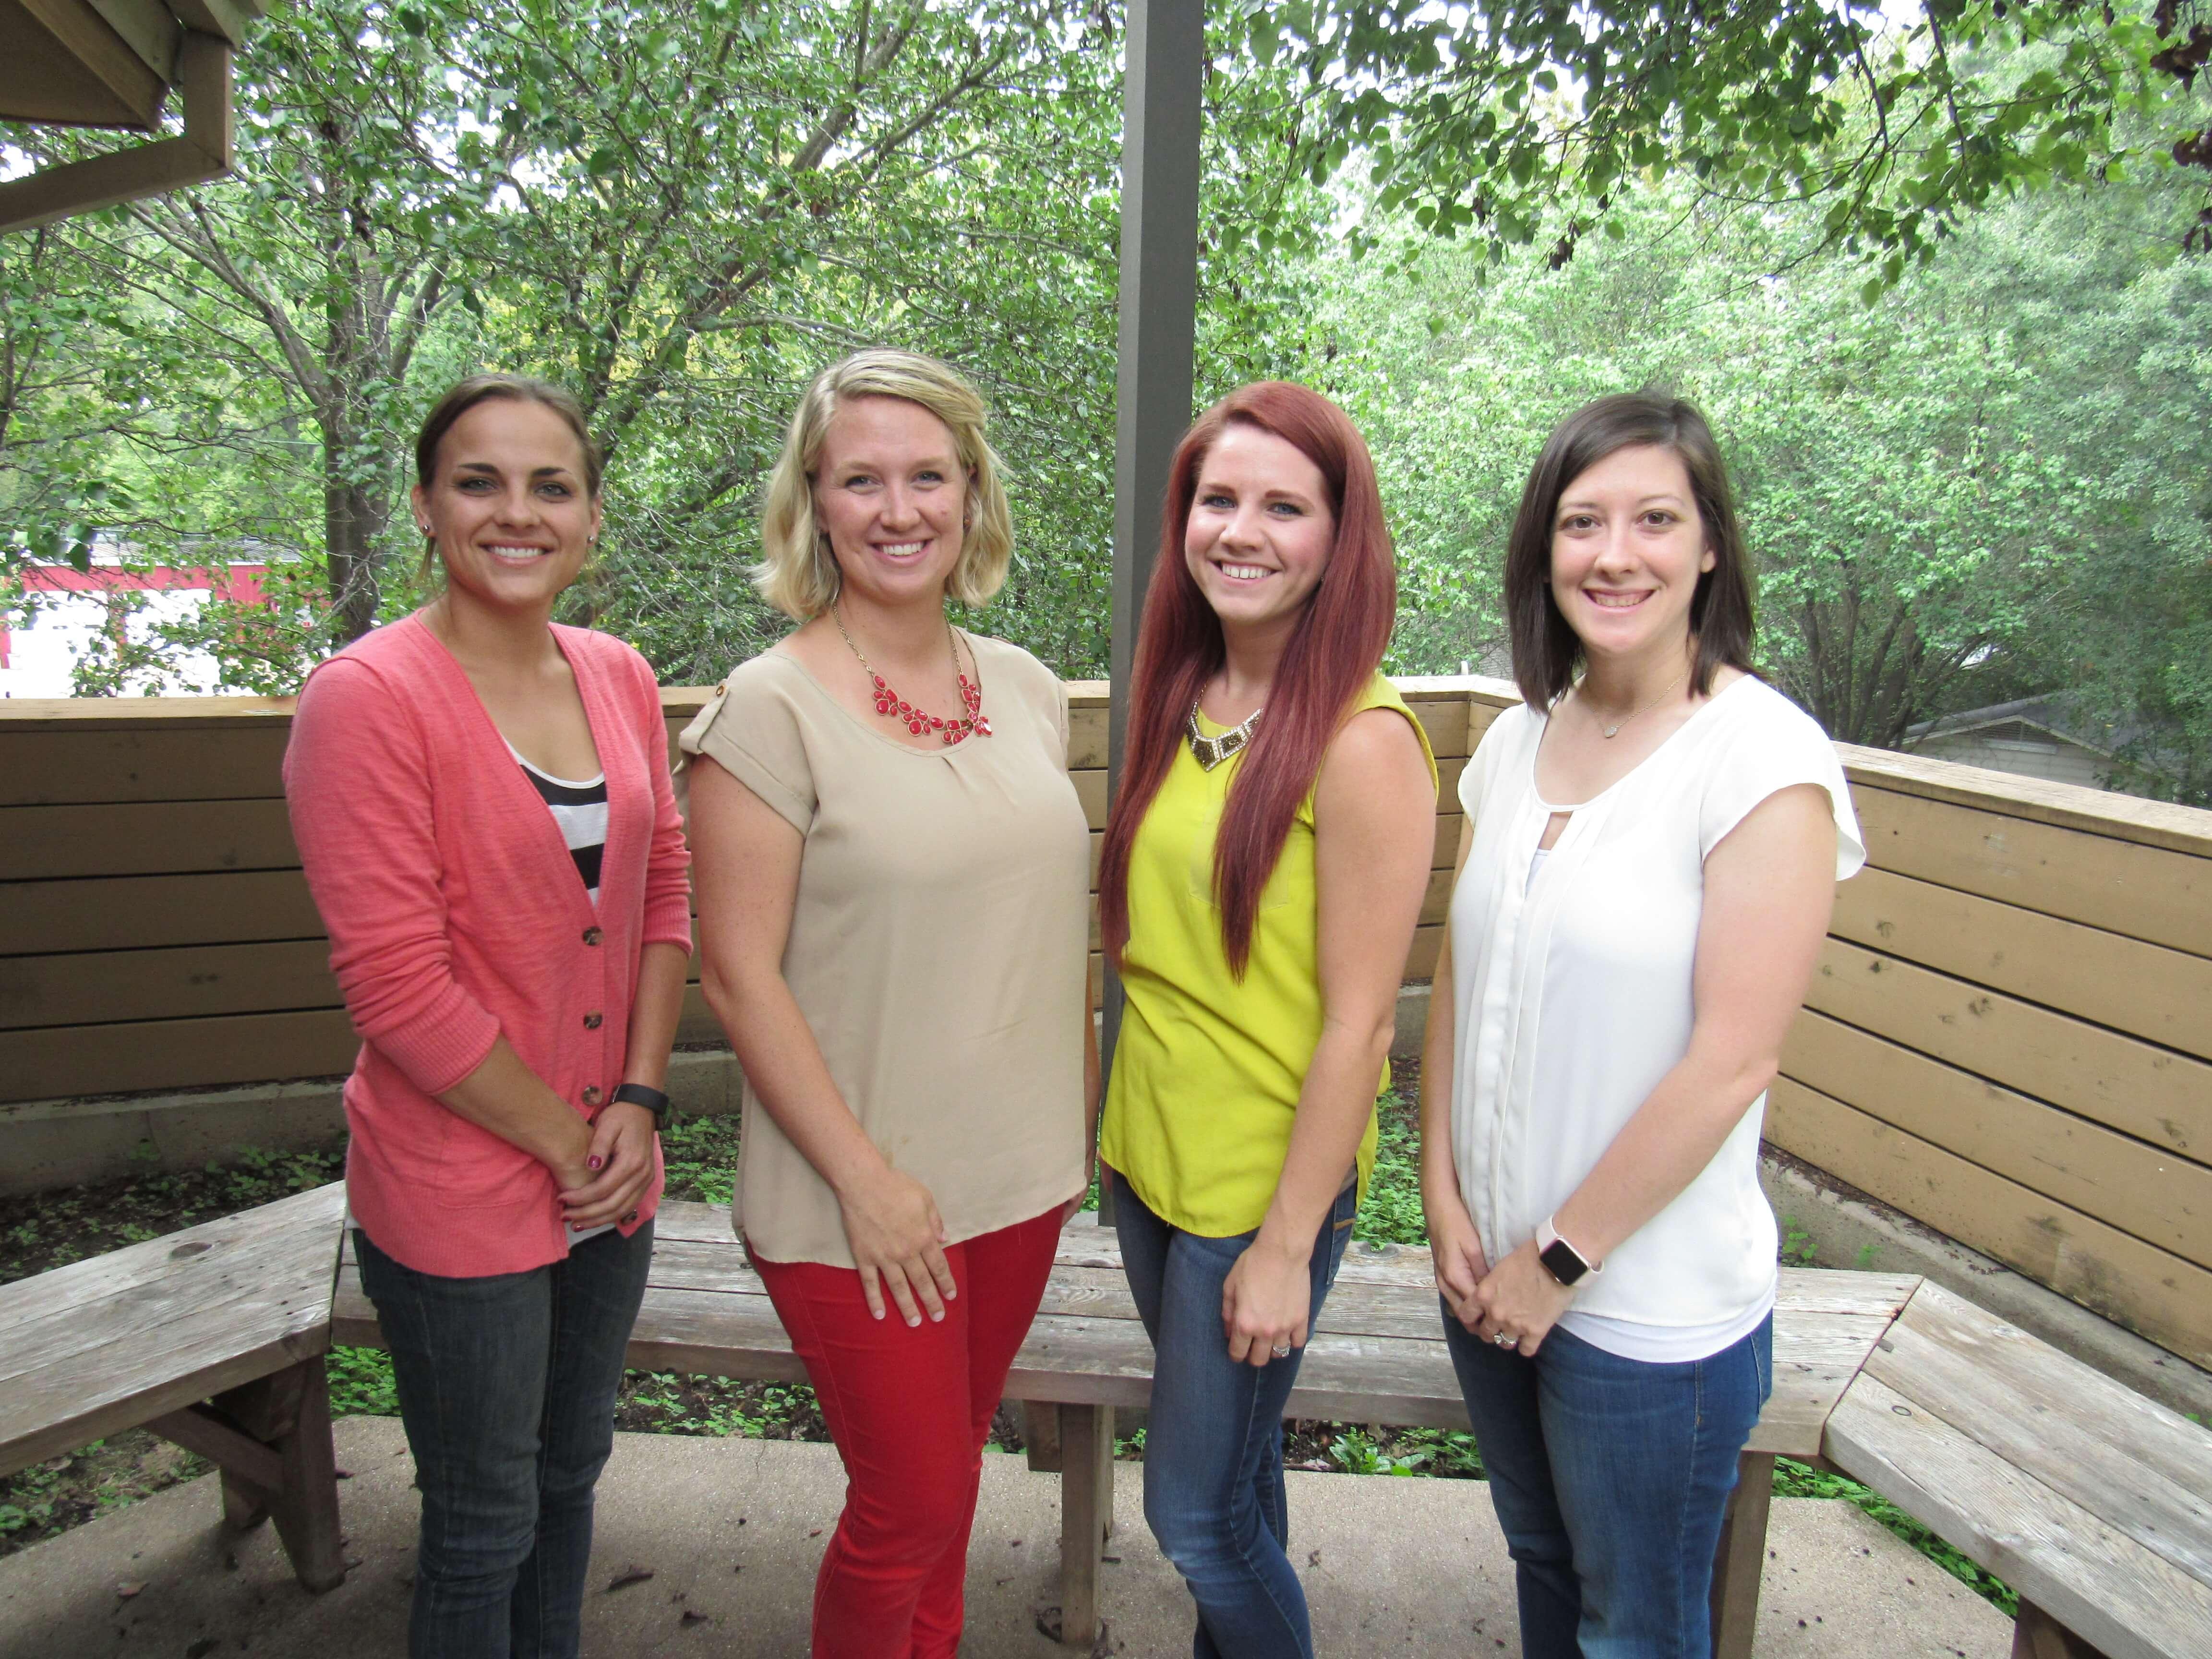 Brittany Jordan, Whitney Sherman, Rachel Massey, Mollie Eaton
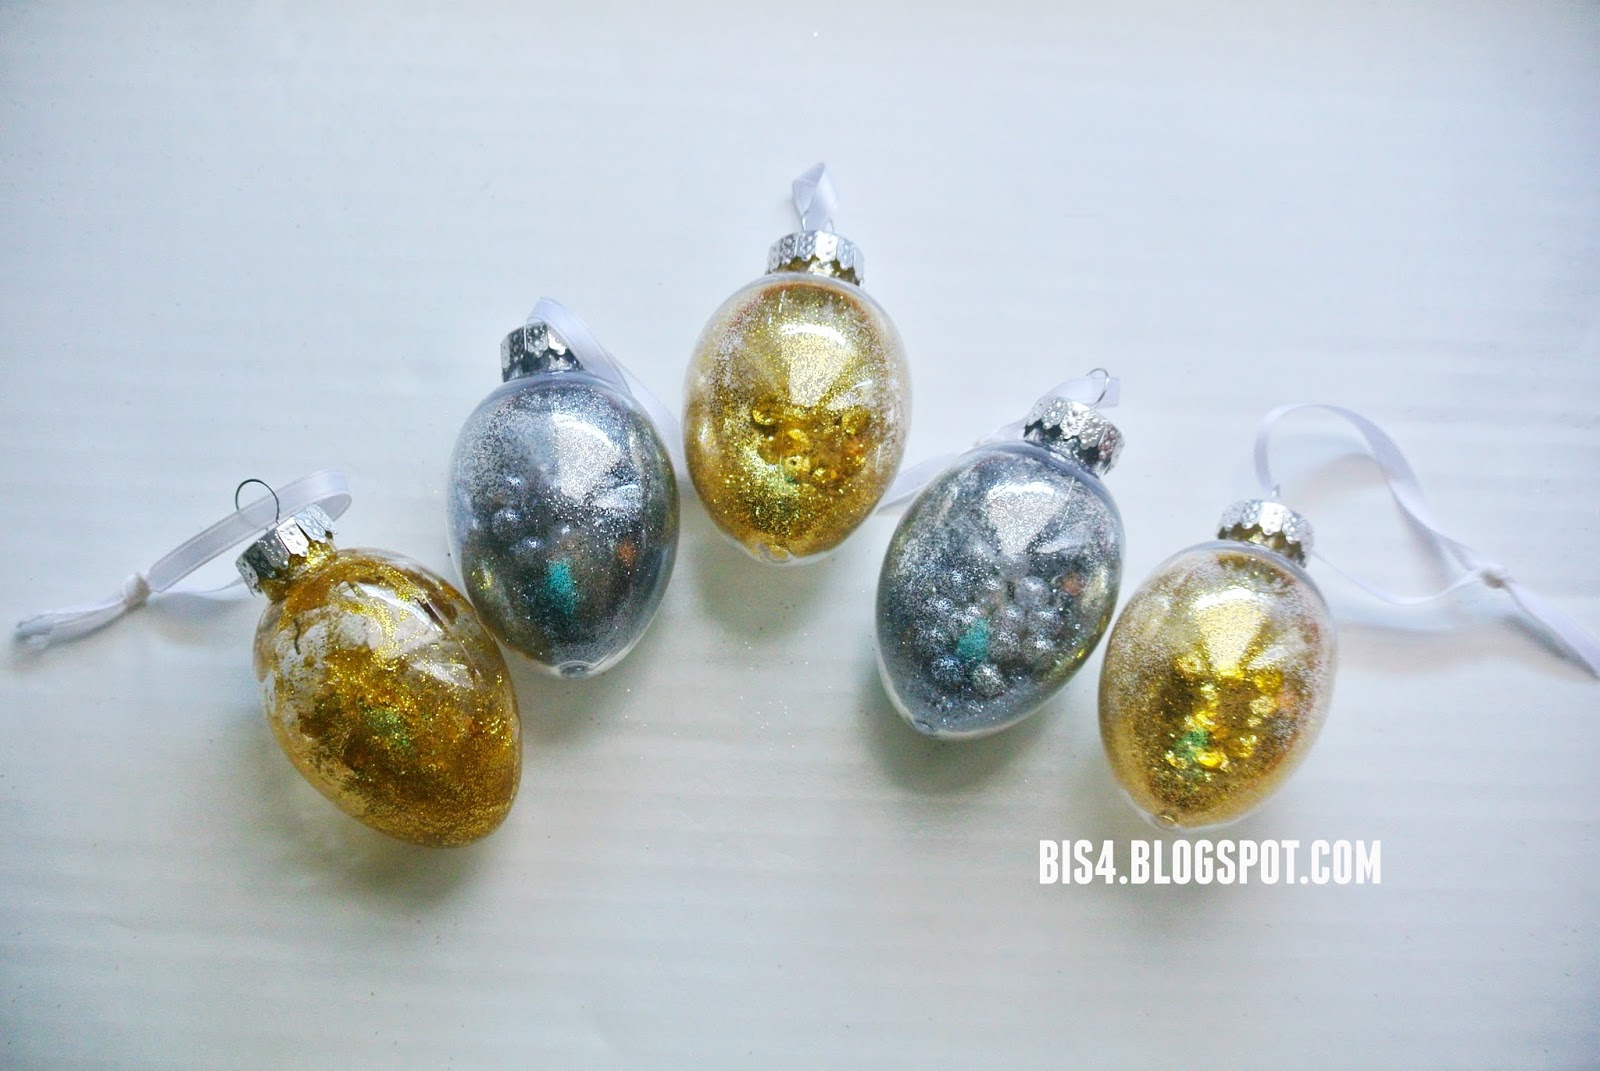 Light bulb ornaments - Diy Holiday Light Bulb Ornaments
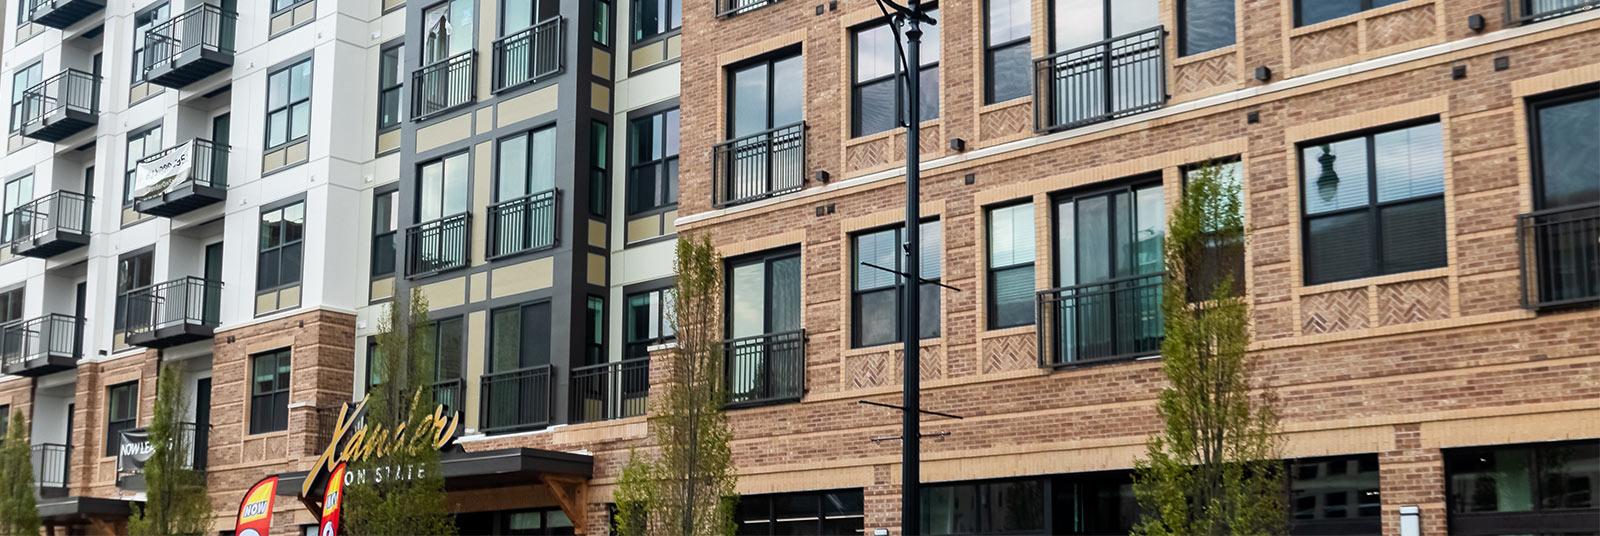 Xander on State multi-family housing development in Columbus, Ohio.
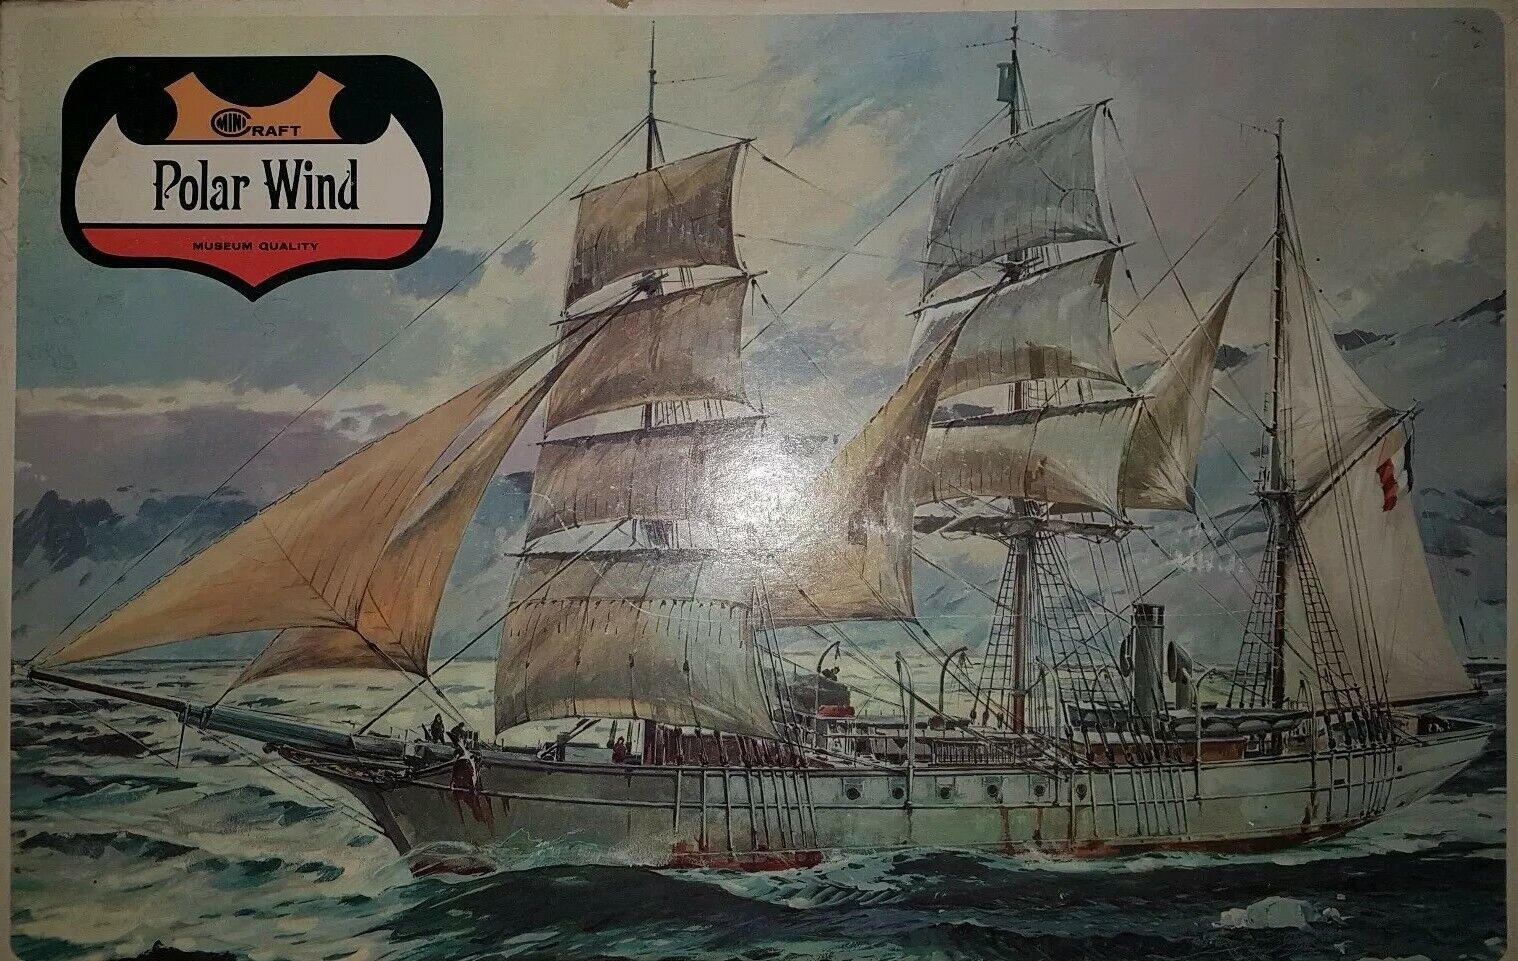 Image 01 - Minicraft-Polar-Wind-Pourquoi-pas-144-800-ex-Heller-Sail-Steam-Antarctic-Ship

○ ○ ○ ○ ○

* Task instructions *
Reproduce every line of the material precisely, omitting its pictures.

* Finished exercise *
 Brittany Jordan, Whitney Sherman, Rachel Massey, Mollie Eaton
 Light bulb ornaments - Diy Holiday Light Bulb Ornaments
 Xander on State multi-family housing development in Columbus, Ohio.
 Image 01 - Minicraft-Polar-Wind-Pourquoi-pas-144-800-ex-Heller-Sail-Steam-Antarctic-Ship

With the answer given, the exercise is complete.